Ink stain on golf course grass



Figure 1. Powerful, black mycelium of
Corvularia malina Colonization of infected stems and leaves of bermudagrass and zizia grass can be observed. Photography by Maria Tommaso Peterson


In the late 2000s, golf course superintendents in the greater Houston area were seeing leaf patch disease on bermudagrass, zizia grass, tea boxes and fairways. Because the initial symptoms of the disease were small, dark brown-black spots, the disease was given the name “ink spot.”

During that period, Mississippi State University received a diagnostic specimen taken from a bermudagrass (also known as 328 or Tifton 328), which is green with a distinctive chocolate brown patch in the grass canopy.

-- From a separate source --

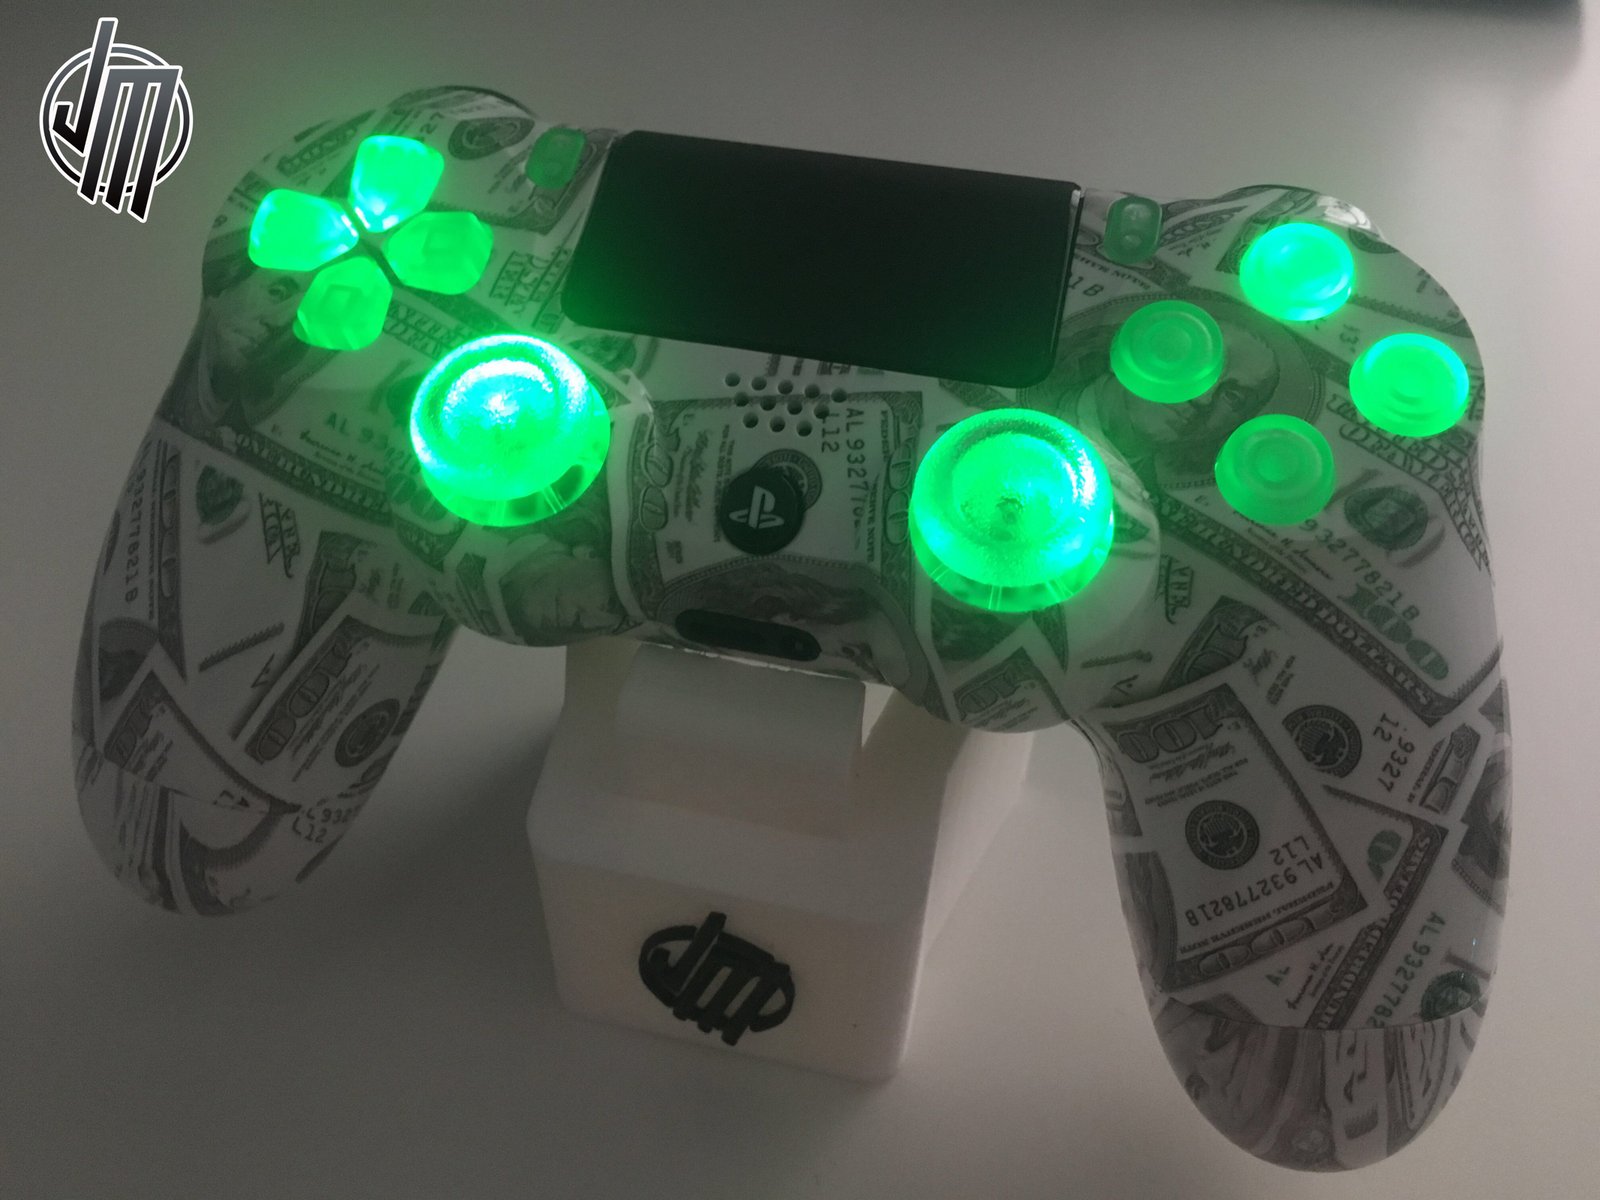 led ps4 controller

Black spots appear on the leaves. The symptoms in the diseased grass sample were different from any I had observed.

Infected leaves were placed on water agar, a nutrient-deficient medium that promotes fungal proliferation. Within 36 hours, the pathogen’s powerful black fungus was growing from the leaf tissue. In pure culture, the fungus was black and sterile; No reproductive structures have been developed that would aid in fungal recognition.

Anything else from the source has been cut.